#### EXERCISE REQUIREMENTS:
Any picture in the data below should be skipped, while every line is repeated exactly.

#### DATASET EXCERPT:
Segment Open

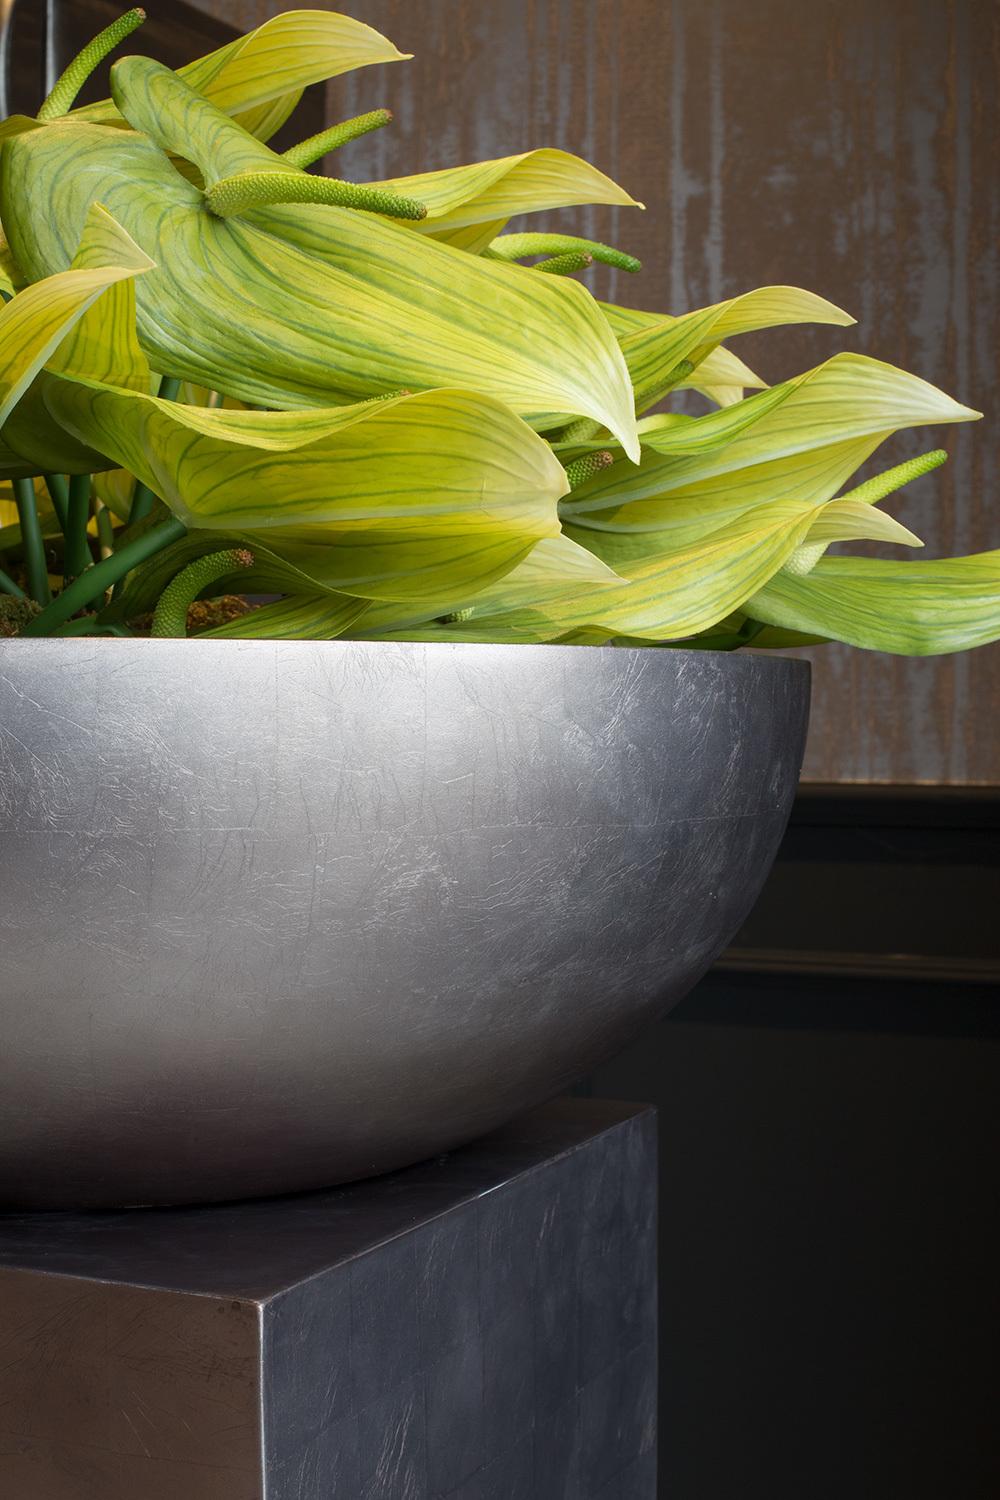 ROYAL bowl, 42/14 cm, titan grey
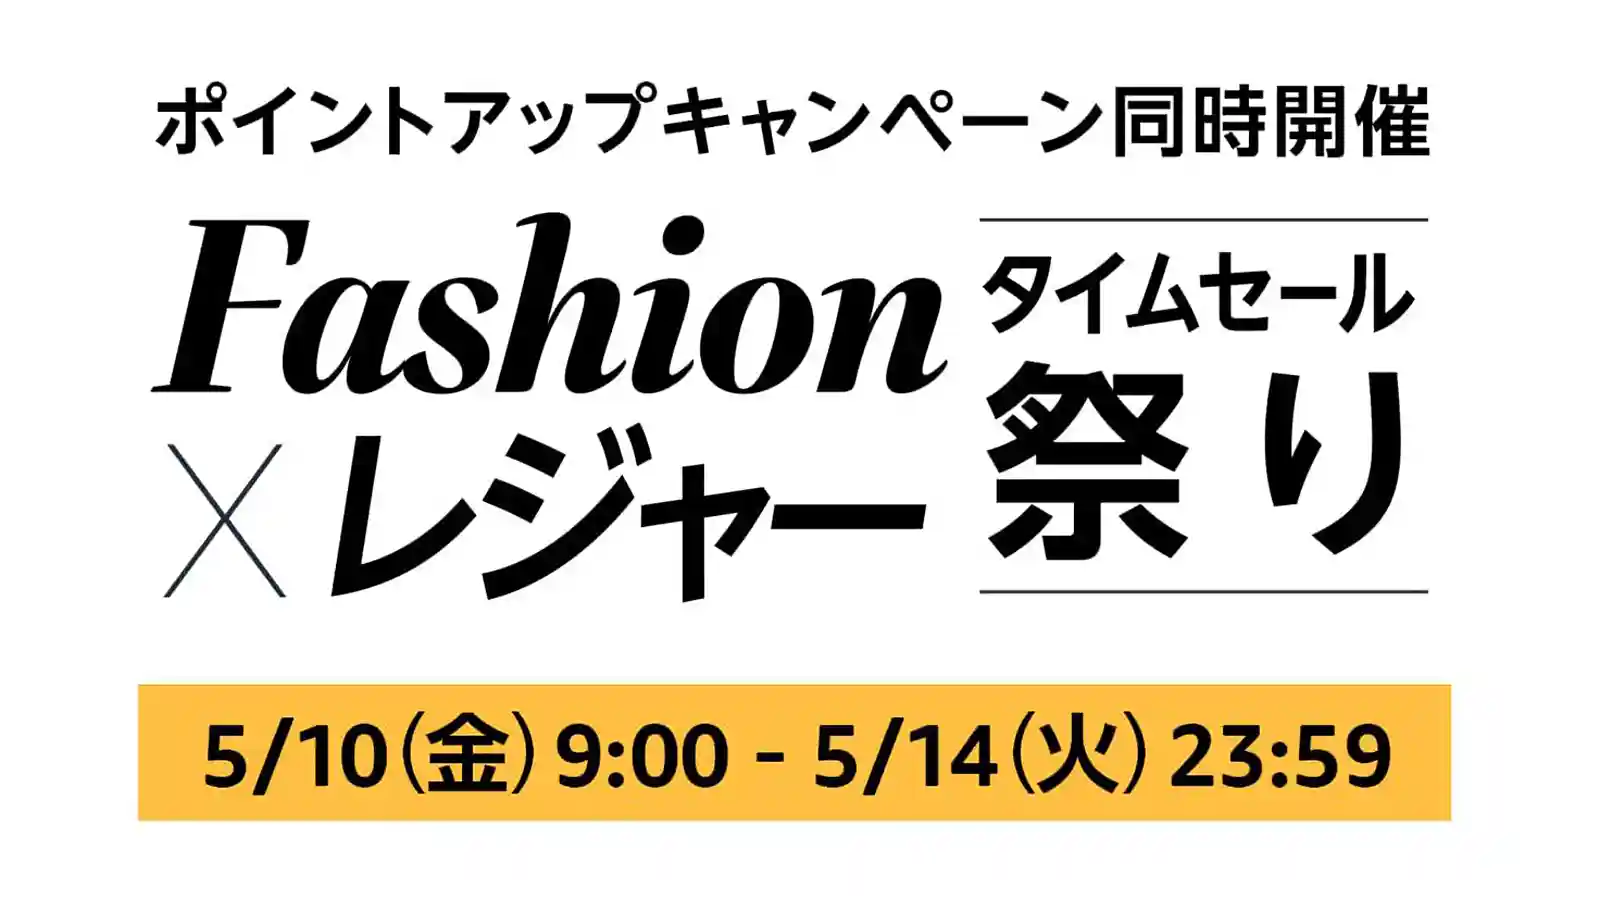 Amazon Fashion ファッション レジャー タイムセール祭り
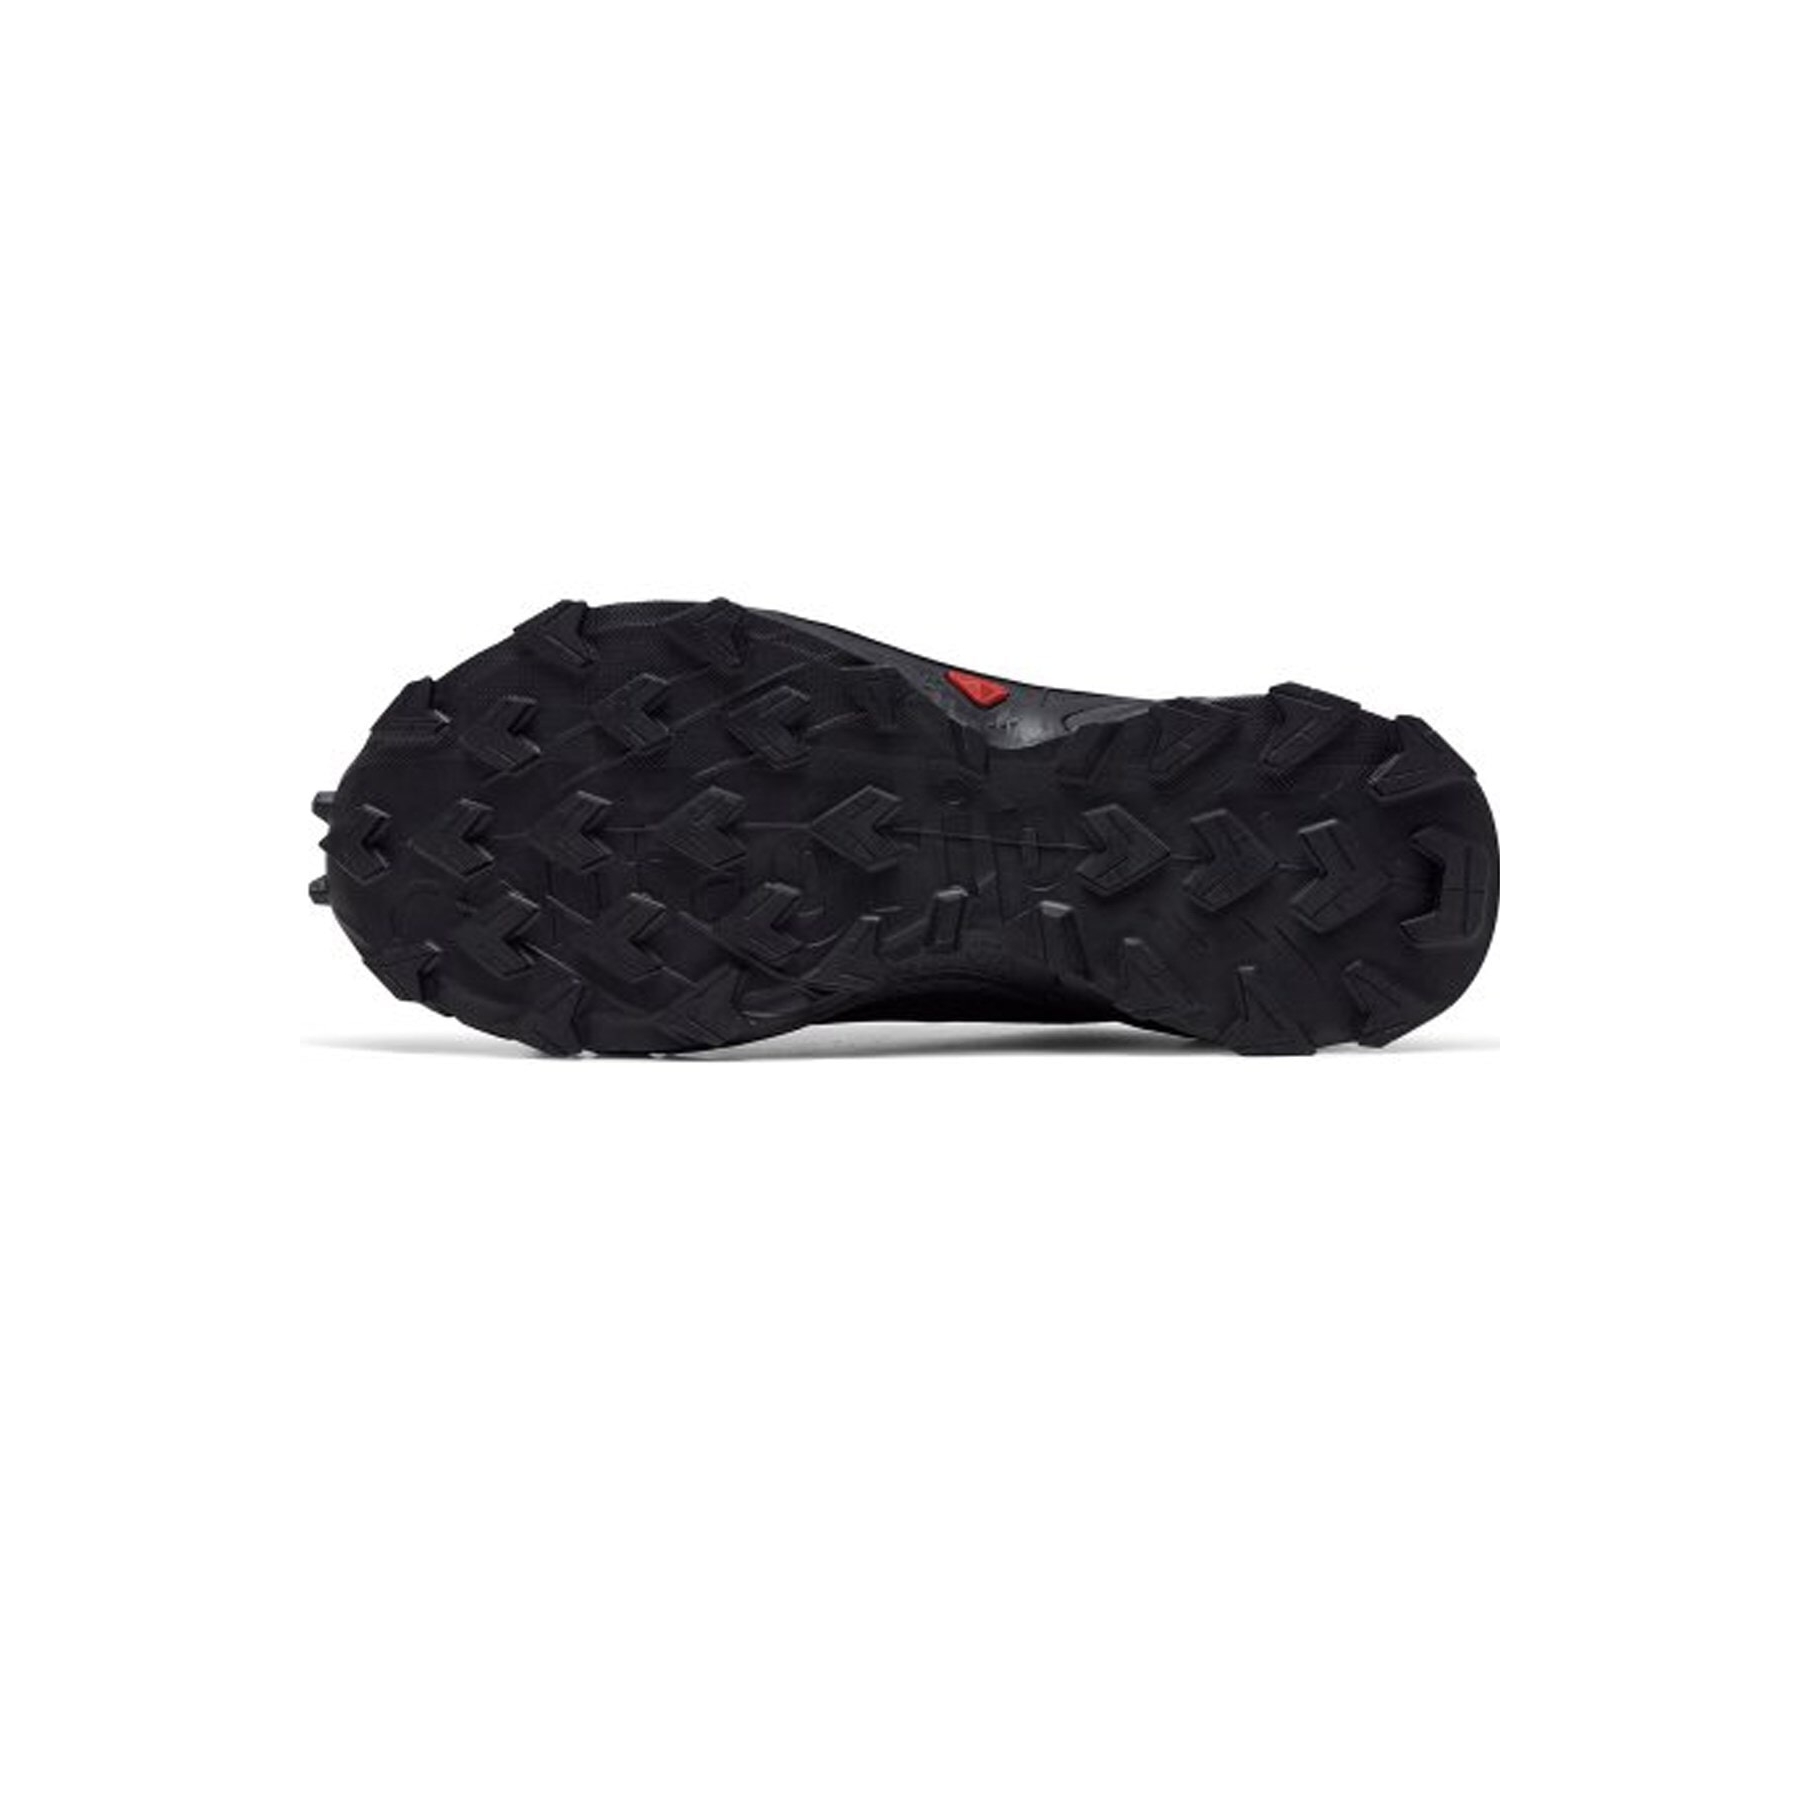 Salomon Supercross 4 Goretex Kadın Siyah Outdoor Ayakkabı (L41733900)

Segment Closed

#### RESULT OF THIS TASK:
 ROYAL bowl, 42/14 cm, titan grey
 Amazon Fashion ファッション レジャー タイムセール祭り
 Salomon Supercross 4 Goretex Kadın Siyah Outdoor Ayakkabı (L41733900)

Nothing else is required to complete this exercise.